### [Instructions for the task]
Extract the lines from the first line of the records below through the line containing "Maginus software Branding", inclusive, and reproduce them exactly as written.

### [Material to process]

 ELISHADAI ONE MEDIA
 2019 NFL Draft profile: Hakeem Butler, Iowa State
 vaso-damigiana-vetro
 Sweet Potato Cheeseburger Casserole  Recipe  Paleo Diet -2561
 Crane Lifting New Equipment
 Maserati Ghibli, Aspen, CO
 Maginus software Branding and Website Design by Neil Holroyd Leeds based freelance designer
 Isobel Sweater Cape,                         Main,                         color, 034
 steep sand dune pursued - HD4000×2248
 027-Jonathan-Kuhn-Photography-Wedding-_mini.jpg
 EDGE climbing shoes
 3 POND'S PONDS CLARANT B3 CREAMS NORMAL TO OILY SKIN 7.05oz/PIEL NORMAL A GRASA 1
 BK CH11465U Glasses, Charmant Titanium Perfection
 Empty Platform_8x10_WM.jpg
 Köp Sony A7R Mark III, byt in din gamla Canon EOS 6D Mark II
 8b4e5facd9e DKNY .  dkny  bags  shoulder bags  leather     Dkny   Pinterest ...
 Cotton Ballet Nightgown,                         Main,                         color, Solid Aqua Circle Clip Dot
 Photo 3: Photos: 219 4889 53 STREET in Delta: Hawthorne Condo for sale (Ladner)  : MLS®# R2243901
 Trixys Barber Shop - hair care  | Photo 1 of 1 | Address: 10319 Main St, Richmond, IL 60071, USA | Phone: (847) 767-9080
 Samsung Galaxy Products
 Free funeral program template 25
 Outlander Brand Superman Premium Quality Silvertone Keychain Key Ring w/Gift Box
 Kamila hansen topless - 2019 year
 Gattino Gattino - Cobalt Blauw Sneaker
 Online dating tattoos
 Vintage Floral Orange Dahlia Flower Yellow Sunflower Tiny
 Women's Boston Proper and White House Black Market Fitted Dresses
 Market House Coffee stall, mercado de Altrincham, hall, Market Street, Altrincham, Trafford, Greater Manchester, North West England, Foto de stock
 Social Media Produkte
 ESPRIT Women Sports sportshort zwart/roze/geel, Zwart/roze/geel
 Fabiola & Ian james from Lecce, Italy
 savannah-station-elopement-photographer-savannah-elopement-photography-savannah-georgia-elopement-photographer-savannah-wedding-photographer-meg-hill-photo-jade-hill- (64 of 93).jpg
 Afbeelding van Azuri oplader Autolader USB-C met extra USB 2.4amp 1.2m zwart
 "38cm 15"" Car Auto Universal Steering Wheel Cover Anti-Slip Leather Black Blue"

### [Worked solution]
 ELISHADAI ONE MEDIA
 2019 NFL Draft profile: Hakeem Butler, Iowa State
 vaso-damigiana-vetro
 Sweet Potato Cheeseburger Casserole  Recipe  Paleo Diet -2561
 Crane Lifting New Equipment
 Maserati Ghibli, Aspen, CO
 Maginus software Branding and Website Design by Neil Holroyd Leeds based freelance designer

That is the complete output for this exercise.